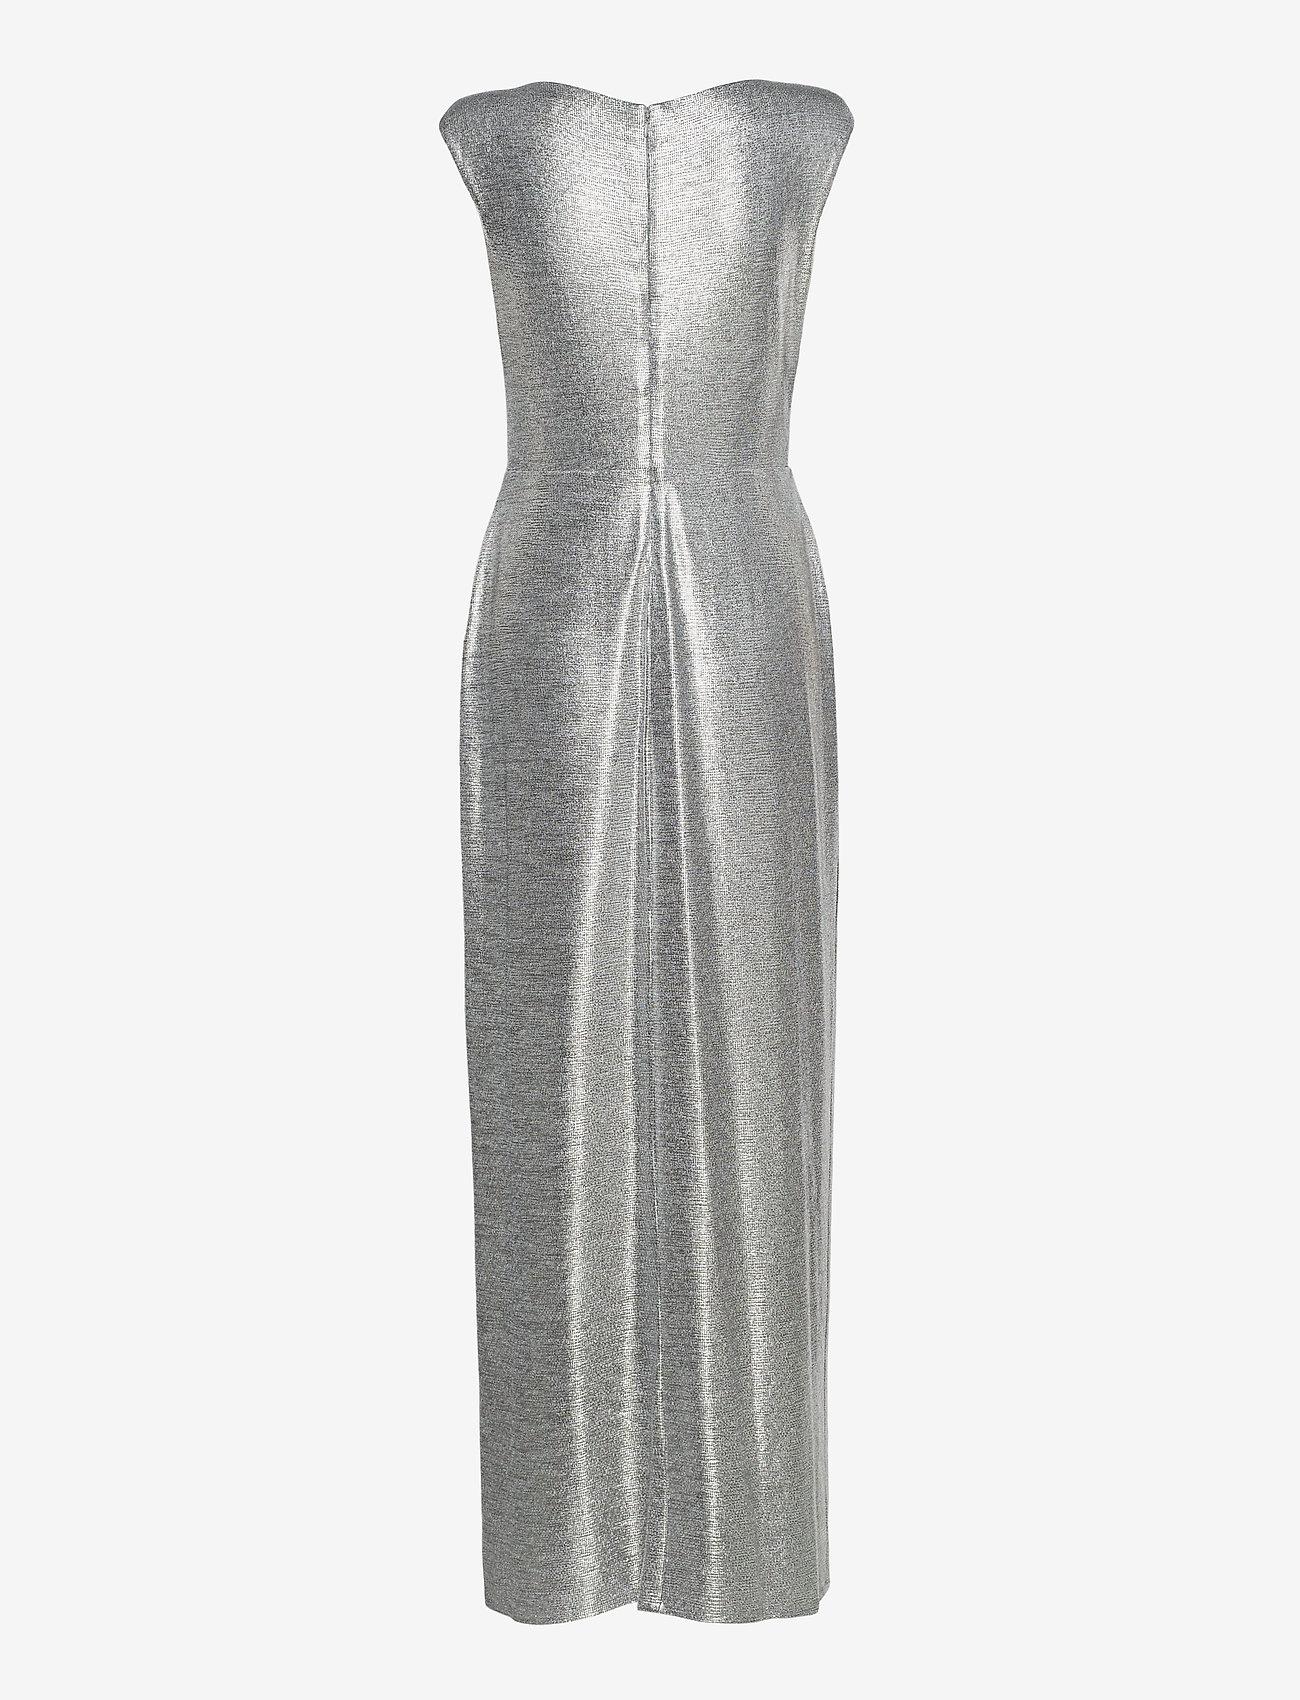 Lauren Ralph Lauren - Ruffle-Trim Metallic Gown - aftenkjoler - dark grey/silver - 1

----------------

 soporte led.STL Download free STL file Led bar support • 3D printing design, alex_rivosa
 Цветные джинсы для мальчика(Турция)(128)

----------------

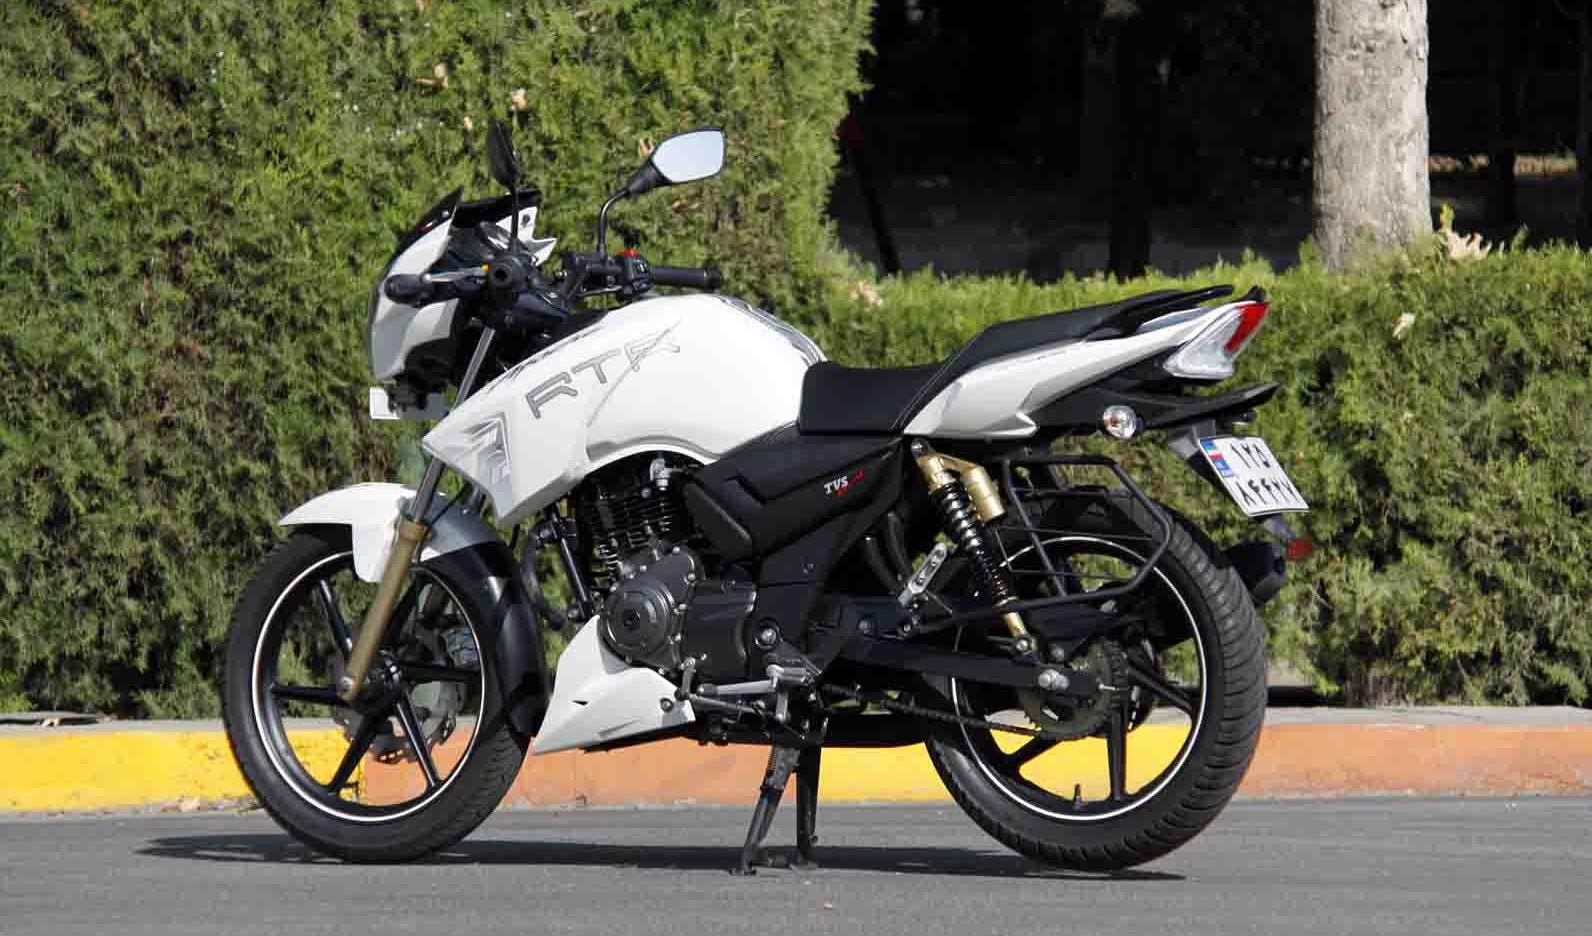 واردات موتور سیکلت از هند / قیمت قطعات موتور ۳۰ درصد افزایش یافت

----------------

» **TO DO**: Word for word, restate the lines of the listing above starting at the line with "soporte led.STL Download" and ending at the line with "Цветные джинсы для мальчика(Турция)(128)", and nothing outside them.

» **SOLUTION TO THIS EXERCISE**:
 soporte led.STL Download free STL file Led bar support • 3D printing design, alex_rivosa
 Цветные джинсы для мальчика(Турция)(128)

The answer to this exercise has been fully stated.